# Best food brand for 1 year old GSD.



## Yennie (Aug 30, 2012)

My boy is 1 yr old and he seems really skinny. I took him to the vet recently and he only weighs 63lbs. Ive been concerned about his weight for a while now since the vet told me he was supposed to fill out. I feed him purina dog chow because his breeder fed him that and i didnt want to change up his diet, but now i feel like i need to. What food brand do you guys recommend or what should i do about his weight? He has no health problems according to his vet, but it breaks my heart that he looks skinny. 
















Sent from Petguide.com Free App


----------



## Zookeep (May 17, 2012)

How tall is he (at the withers)? It is hard to tell from the pictures, but he does not look too skinny to me. He will fill out over time.

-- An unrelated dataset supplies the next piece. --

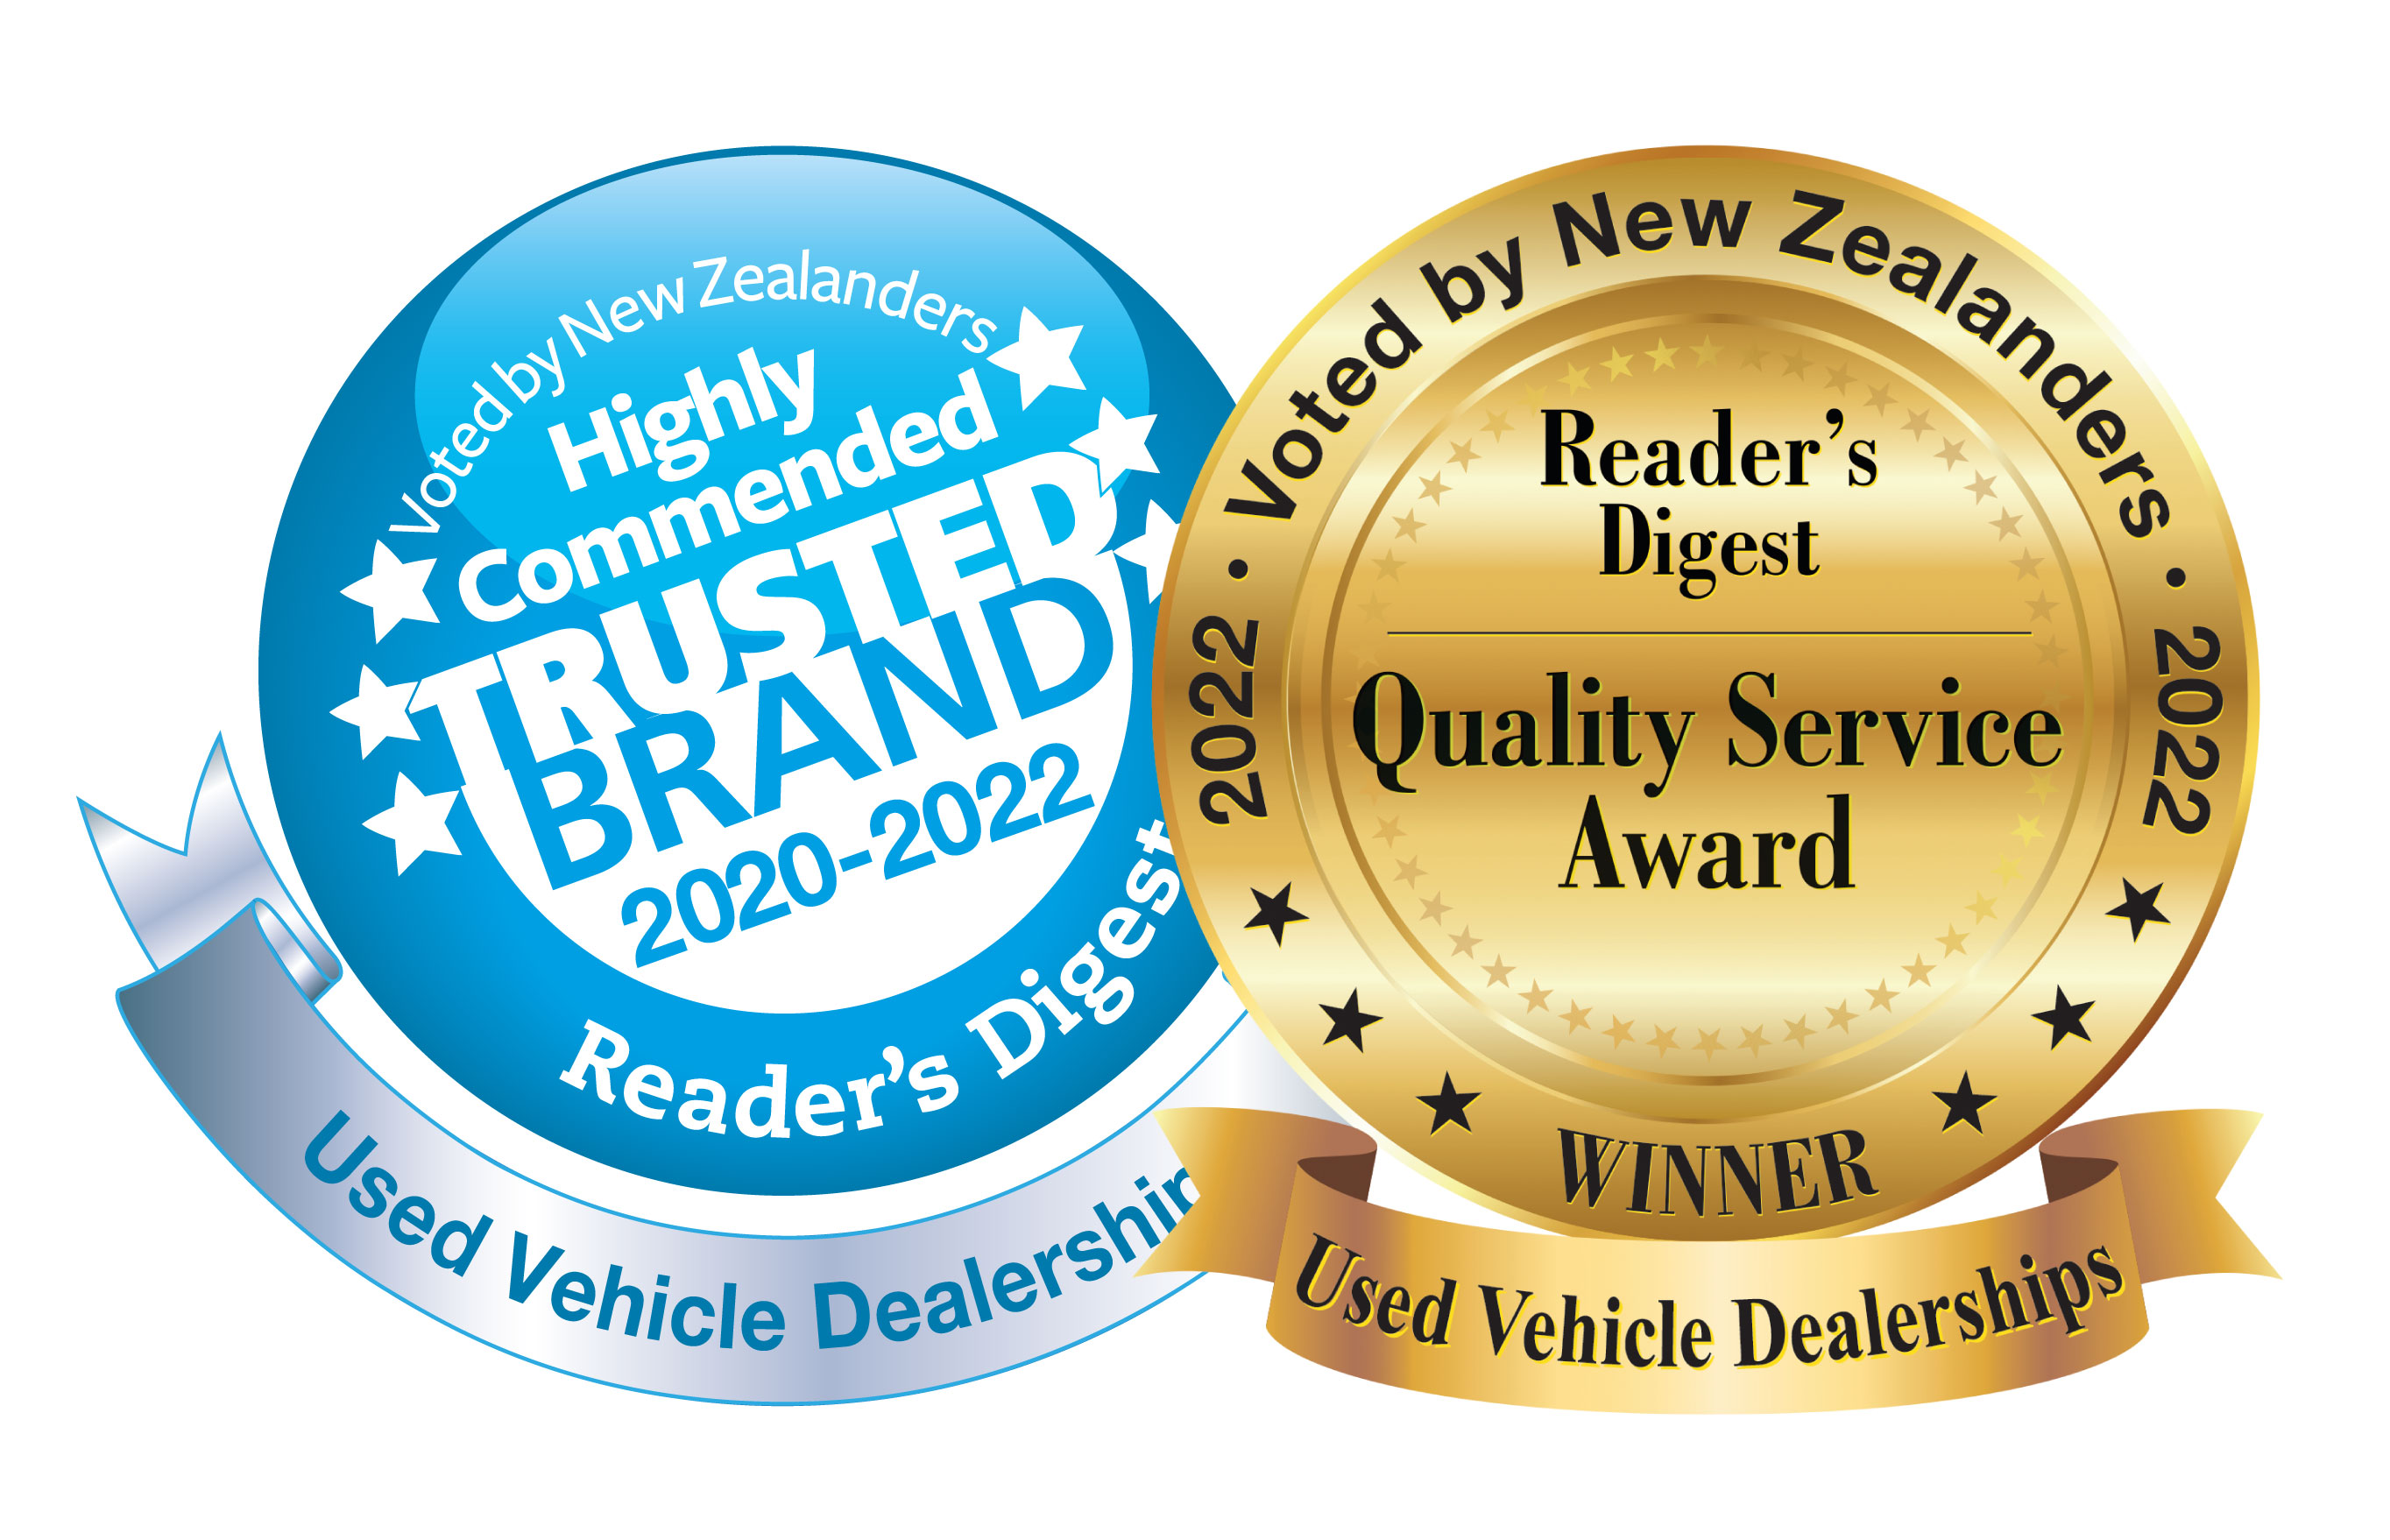 Most Trusted & Quality Service Awards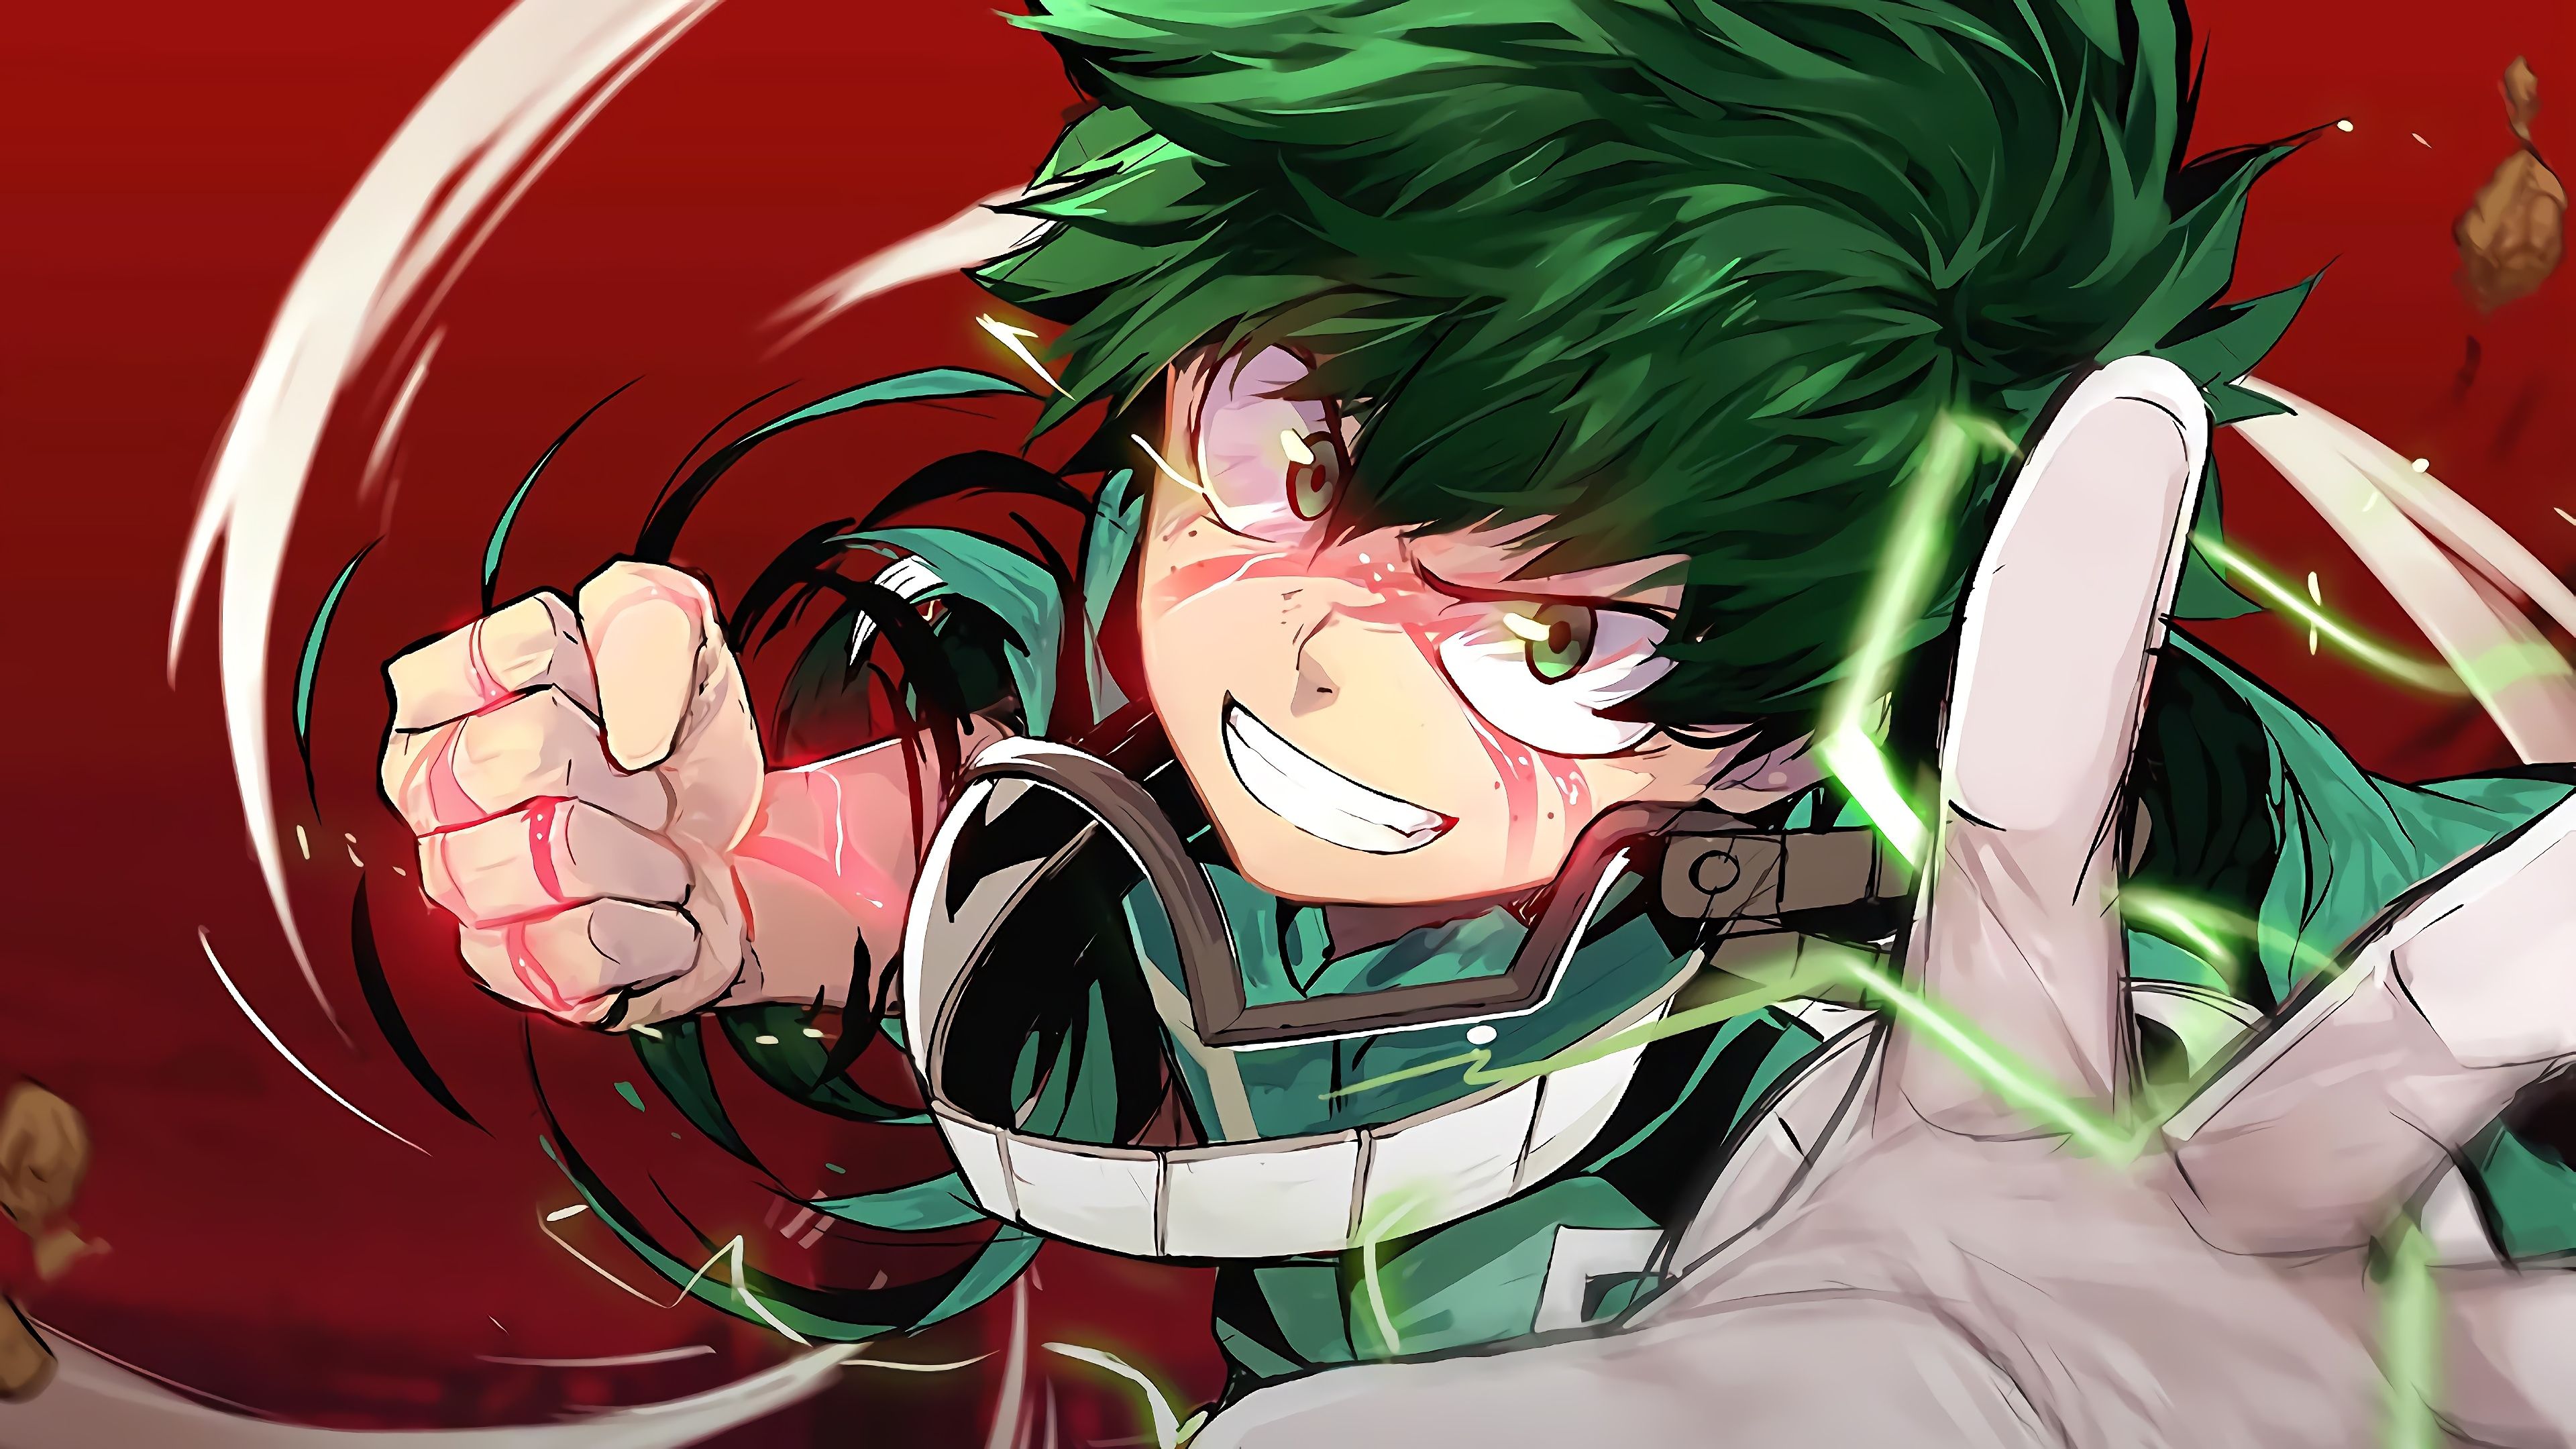 Tons of awesome anime My Hero Academia Deku wallpapers to download for free...

However, Purina Dog Chow is not a good choice and you should feed something better. A good place to start is Dog Food Reviews and Ratings | Dog Food Advisor. Look for the five and four star foods. Any of these will be a great improvement over what you are feeding now.


----------



## northgashepherds (Feb 23, 2013)

Mine do really well on Taste of the Wild, which is a healthy dog food brand ($47.99 for 30 lbs at my local Tractor Supply). One reason your dog could be thin is worms. Did your vet check him for worms? My male dog lost a ton of weight a few months ago; when I realized he had worms I dewormed him. He quickly gained weight afterwards.


----------



## Yennie (Aug 30, 2012)

I havent checked him for worms yet. He was already deworm and has all his shots and everything but in that case ill go to the vet and double check to see if anything's wrong with him. 

Im not sure how tall he is really. Im like 5 ft so hes about 3 standing on all fours. Sorry im bad at this.


----------



## fredh (Sep 10, 2013)

I give Jake Royal Canin, Adult Large Breed. Good Vet Approved Nutrition and there is even a Picture of a GSD on the Bag!


----------



## Apoolutz (Jan 19, 2013)

I don't want to sound rude but you want to go by the ingredients in the food not the picture on the bag. Lol


----------



## Switchblade906 (May 5, 2012)

I feed Orijen. Depending on how large your dog is he might not need to weigh more then he does; also GSD don't really fill out until they are 2-3 years. My dog Zoey is 1y7m's and she's only 62 lbs.


----------



## AgilityAce (Sep 13, 2013)

Apoolutz said:


> I don't want to sound rude but you want to go by the ingredients in the food not the picture on the bag. Lol


I don't wanna sound rude either, but when you say "ingredients" you are looking at it from the human perspective.

Ingredients don't always equate to nutrition, but ingredients always equate to marketing.

When Orijen lists like 13 fresh meat ingredients do you think most people know that those 13 ingredients are still only about 25% - 30% of the gross weight of the ingredients? That would equate to 3% - 5% of the finished product?

Given the choice, I would take RC expertise over Champion's lies.


----------



## Shade (Feb 20, 2012)

Personally I love Fromm and my dogs do too  I rotate them through the four star grain free line


----------



## s14roller (Nov 18, 2010)

Best food? Every dog is different, but arguably the best kibble out there is probably Orijen or Acana. 

Personally, I have had my dog on California Natural, Wellness CORE, Orijen, Acana and also have had her on Nature's Domain (Costco brand). For my dog, her weight, appearance, coat, etc are about the same with any of them, so now I stick with the Costco brands. 

I was paying I think $65-70 for Orijen for 25 lbs? The Nature's Domain is $33 for 30 lbs. If you do the math, it's roughly twice the cost. I'd justify it even if I saw some difference, but neither my wife nor I have seen it. 

On my mom's Pom, food made a huge difference. We had her on Natural Balance for 3 years and then tried Wellness CORE, the coat difference was night and day.

If you are concerned about weight, take a look at how many calories per cup your food currently has, and make sure the next one is higher.


----------